MLPA was performed using the Salsa Probemix for Deafness Infertility Syndrome (DIS P461, MRC Holland, Amsterdam, The Netherlands) which includes probes for the OTOA and STRC/CATSPER2 regions. PCR amplification was carried out with AccuPrime Taq DNA Polymerase (ThermoFisher, Waltham, USA) and LA Taq DNA polymerase (Takara, Kusatsu, Japan) for amplicons longer than 10kbp. Sanger sequencing of purified PCR products was performed on an ABI 3500 instrument (ThermoFisher).

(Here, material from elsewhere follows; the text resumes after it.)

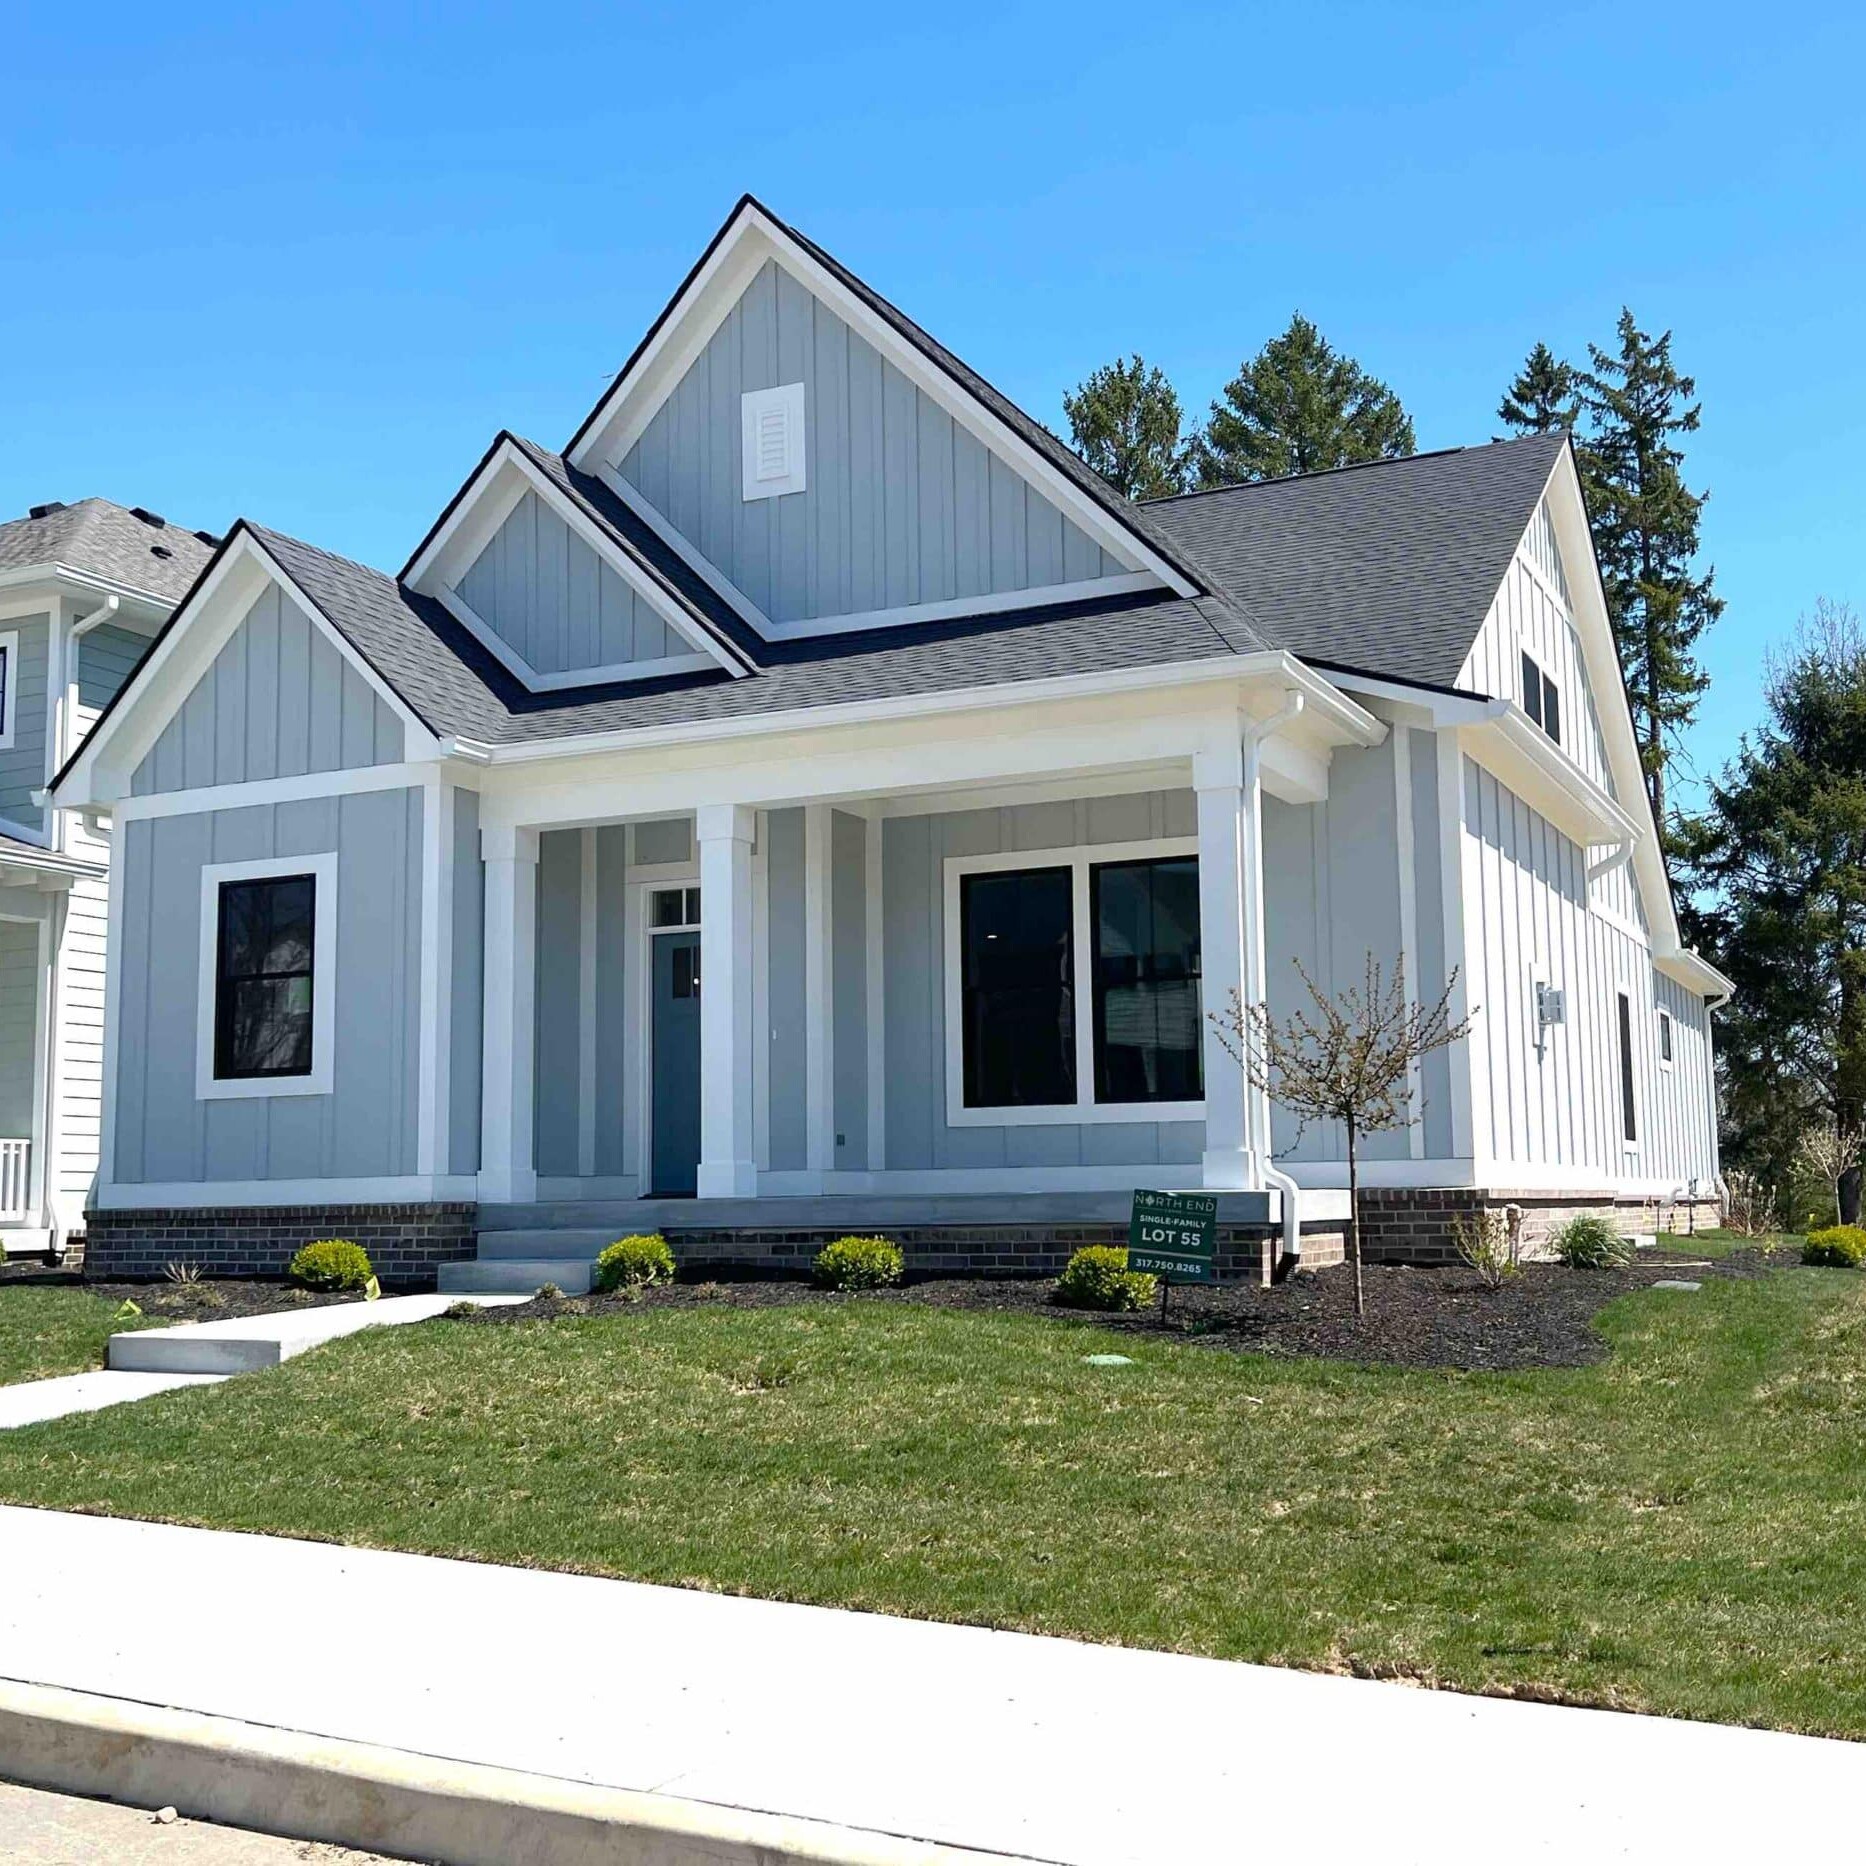 A custom-built two story home in a suburban neighborhood.

Nanopore sequencing of long amplicons was performed using a MinION Mk1B instrument (Oxford Nanopore Technologies, ONT, Oxford, United-Kingdom) and R.9.4.1 flowcells with MinKNOW high accuracy base calling. Libraries were prepared according to ONT’s instructions using NEBNext FFPE repair kit, NEBNext Ultra II end repair/dA-tailing module (New England Biolabs, NEB, Ipswich, USA) and SQK-LSK109 ligation sequencing kit (ONT). Reads were mapped using minimap2 against chromosome 16 of the GRCh38 reference genome (NC_000016.10) and visualized using the Integrative Genomics Viewer (Robinson et al., 2017).
Results
Blood samples of a 2 years old female child (case 1) with non-syndromic hearing loss and her parents were referred to our facility for molecular investigations, after genetic counseling and informed consent was obtained. Exome sequencing did not reveal any pathogenic or likely pathogenic SNV in our panel of 187 genes. However, the algorithm for CNV detection showed z-scores compatible with bi-allelic OTOA variants (Fig. 1A and 1B), consisting of a heterozygous deletion spanning at least 110kb from exon 2 of METTL9 (NM_016025.5) to exon 22 of OTOA (NM_144672.4) and a smaller variant centered around exon 22 (z-score compatible with a homozygous deletion of exon 22). The MLPA analysis confirmed the large 110kb deletion and showed it was inherited from the mother.